Я люблю Чикаго. Я знаю Чикаго. А Чикаго — отличный город. Это может быть большой город. Это не может быть великим городом, если в людей стреляют, идущих по улице за буханкой хлеба.
Легко сказать, почему я люблю приезжать в Чикаго на автографы, потому что я до сих пор помню, как впервые приехал в Чикаго, прямо перед выходом «Shiver». Помню, меня так поразило ощущение города, насколько широко он казался открытым, даже с этими массивными зданиями вокруг меня. Парки и зеленые насаждения невероятные.
Дели — очень оклеветанный город, и вполне заслуженно. И все же что-то в этом есть. Это тайный город, он не вывешивает свои товары. Это как очень глубокая река. Сверху плавают институты современной власти: правительство, политика, СМИ, а затем бюрократия, дипломатические миссии. Но это также город интеллектуальных дебатов, протеста, город, где люди со всей страны собираются, чтобы выразить свой гнев. А потом, под всем этим, есть этот рушащийся древний город, слияние стольких историй.
Линчевание — важный аспект расовой истории и расового неравенства в Америке, потому что оно было на виду, было таким публичным, таким драматичным и жестоким.
В американской жизни больше расовой интеграции, и гораздо больше цветных людей служат выборными должностными лицами и корпоративными лидерами, чем во времена моего отца. Но есть также основания для беспокойства по поводу новых форм расового угнетения, таких как меры, затрудняющие голосование, расовое профилирование и подавление профсоюзов государственных служащих.
[До принятия Закона о гражданских правах 1964 года] многие правительства южных штатов заставляли людей разделяться по расовому признаку. Защитники гражданских прав боролись за отмену этих законов штата, но потерпели неудачу. Поэтому они обратились к федеральному правительству, которое отреагировало принятием Закона о гражданских правах 1964 года. Но этот федеральный закон не просто отменил законы штатов, обязывающие к сегрегации. Он также запрещал добровольную сегрегацию. То, что было обязательным, стало запретным. Ни до, ни после принятия Закона о гражданских правах люди не были свободны в принятии собственных решений о том, с кем они связаны.
Решения наших судов не проникают в общественное сознание — у нас нет эквивалента постановлению по делу Браун против Совета по образованию, которое объявило расовую сегрегацию вне закона, или по делу Роу против Уэйда, которое закрепило право женщины на выбор не только в законе, но и в общественном воображении. также.

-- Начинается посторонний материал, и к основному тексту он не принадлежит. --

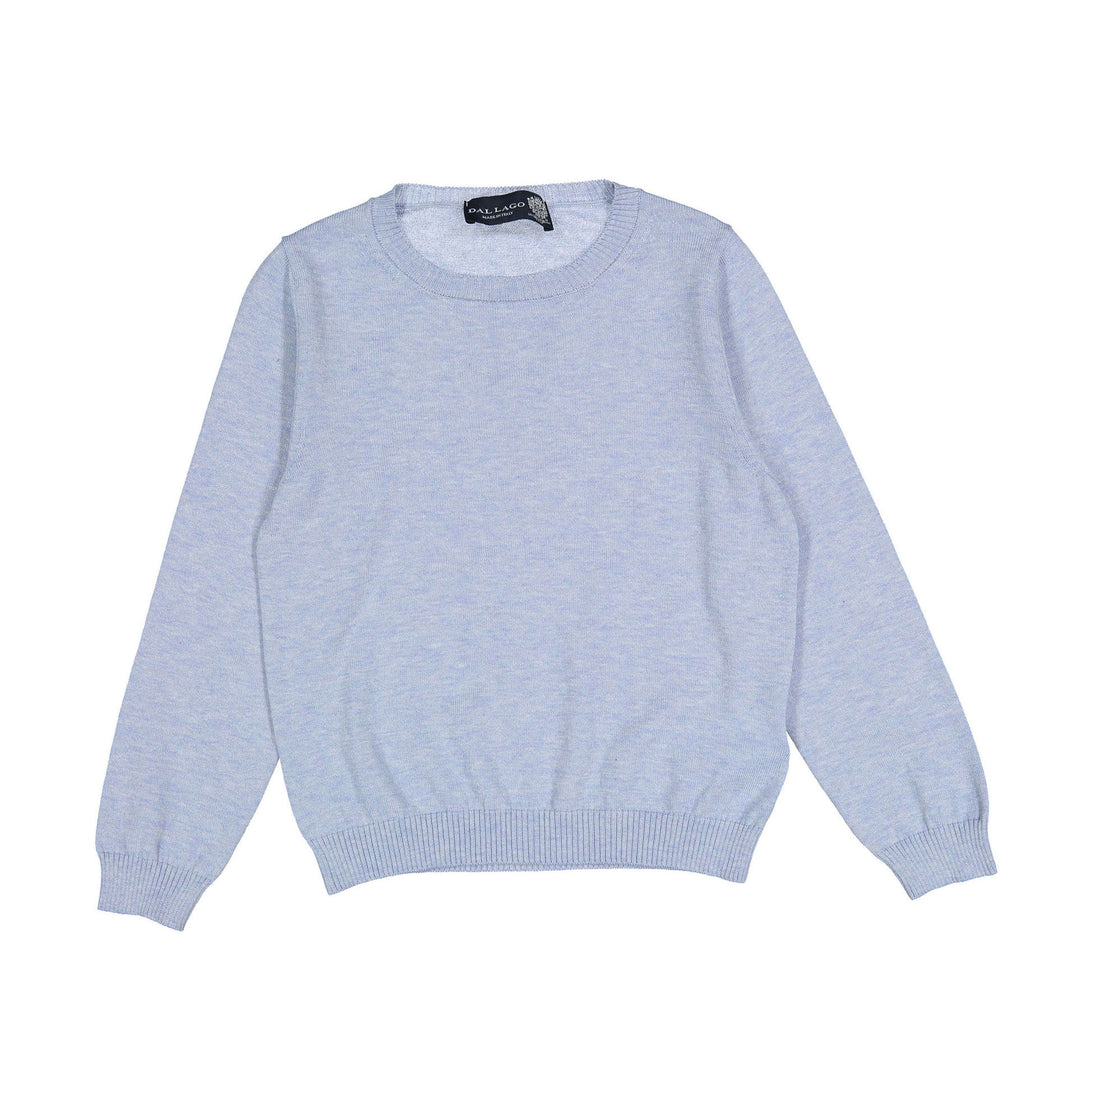 Dal Lago Lght Blue Percy Sweater

Я родился в Колумбии в 1954 году, когда Верховный суд отменил расовую сегрегацию в государственных школах. Я часто приезжал, но не жил там.
В персонажах, которых я играю, всегда есть что-то очень приземленное из-за моих чикагских корней, потому что город такой приземленный. Даже моя жена указала на это, когда мы были в городе, она сказала, что даже архитектура основана на Чикаго, она такая прочная. Потому что приходится иметь дело с зимой. В Чикаго есть что-то, что держит людей сосредоточенными и заземленными.
Конституция запрещает штатам запрещать любую религию в общественных местах и ​​превращать церкви в религиозные гетто, где все проявления веры отделены от общественной жизни. Религиозные люди имеют равное право на участие в общественной жизни и на признание их вклада в историю и общество Оклахомы.
Очевидно, я провел много времени в Нью-Йорке, и мне это нравилось, но у Чикаго совсем другая история, чем у Нью-Йорка.
Этот сайт использует файлы cookie, чтобы обеспечить вам максимальное удобство. Больше информации...
Понятно!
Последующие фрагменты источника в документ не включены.